The expected value of rolling one die is $\frac{1}{6}(1 + 2 + 3 + 4 + 5 + 6) = \frac{7}{2}$ , so the expected value of rolling two dice is $2 \cdot \frac{7}{2} = 7$ .

Of the $6^2 = 36$ combinations of rolling two dice, there are $6$ possible doubles, for a probability of $\frac{6}{36} = \frac{1}{6}$ .

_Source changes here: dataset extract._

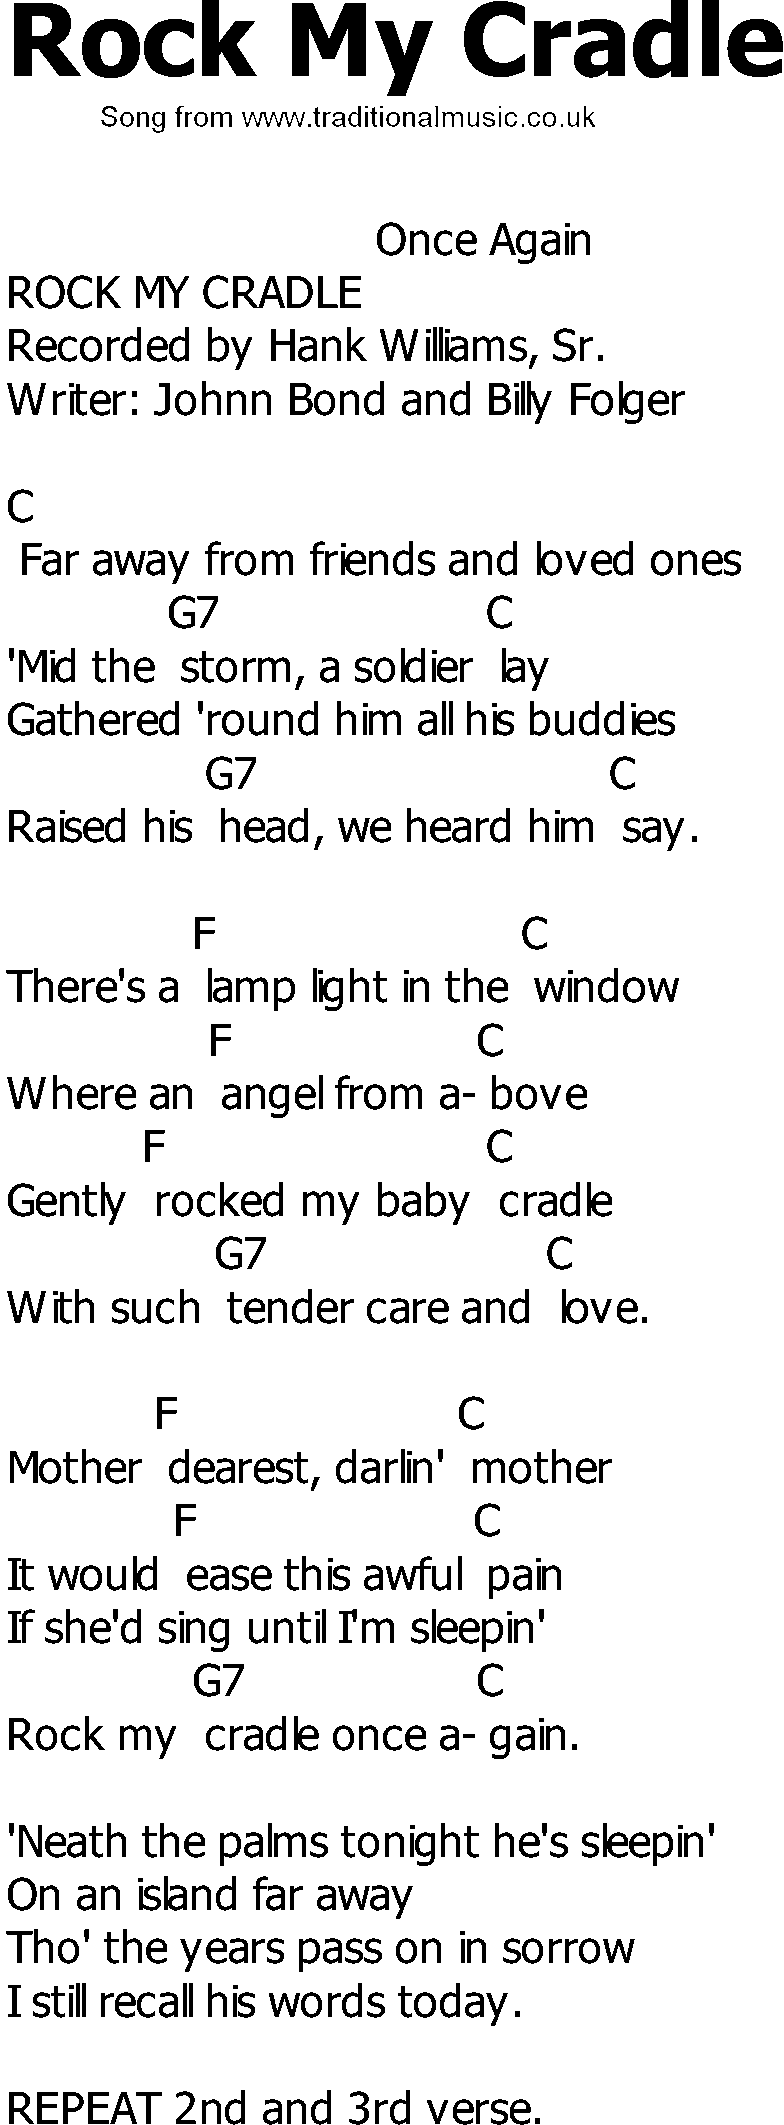 Old Country song lyrics with chords - Rock My Cradle

Therefore, the first roll you can expect a $7$ , and $\frac{1}{6}$ of the time you will have doubles and expect another $7$ , and $\frac{1}{6}$ of that $\frac{1}{6}$ of the time you will have two doubles at a $\frac{5}{6}$ probability that you won't have a third double and expect another $7$ , so that

$E = 7 + \frac{1}{6} \cdot 7 + \frac{1}{6} \cdot \frac{1}{6} \cdot \frac{5}{6} \cdot 7 = \frac{1799}{216}$

This means that $p = 1799$ , $q = 216$ , and $p + q = \boxed{2015}$ .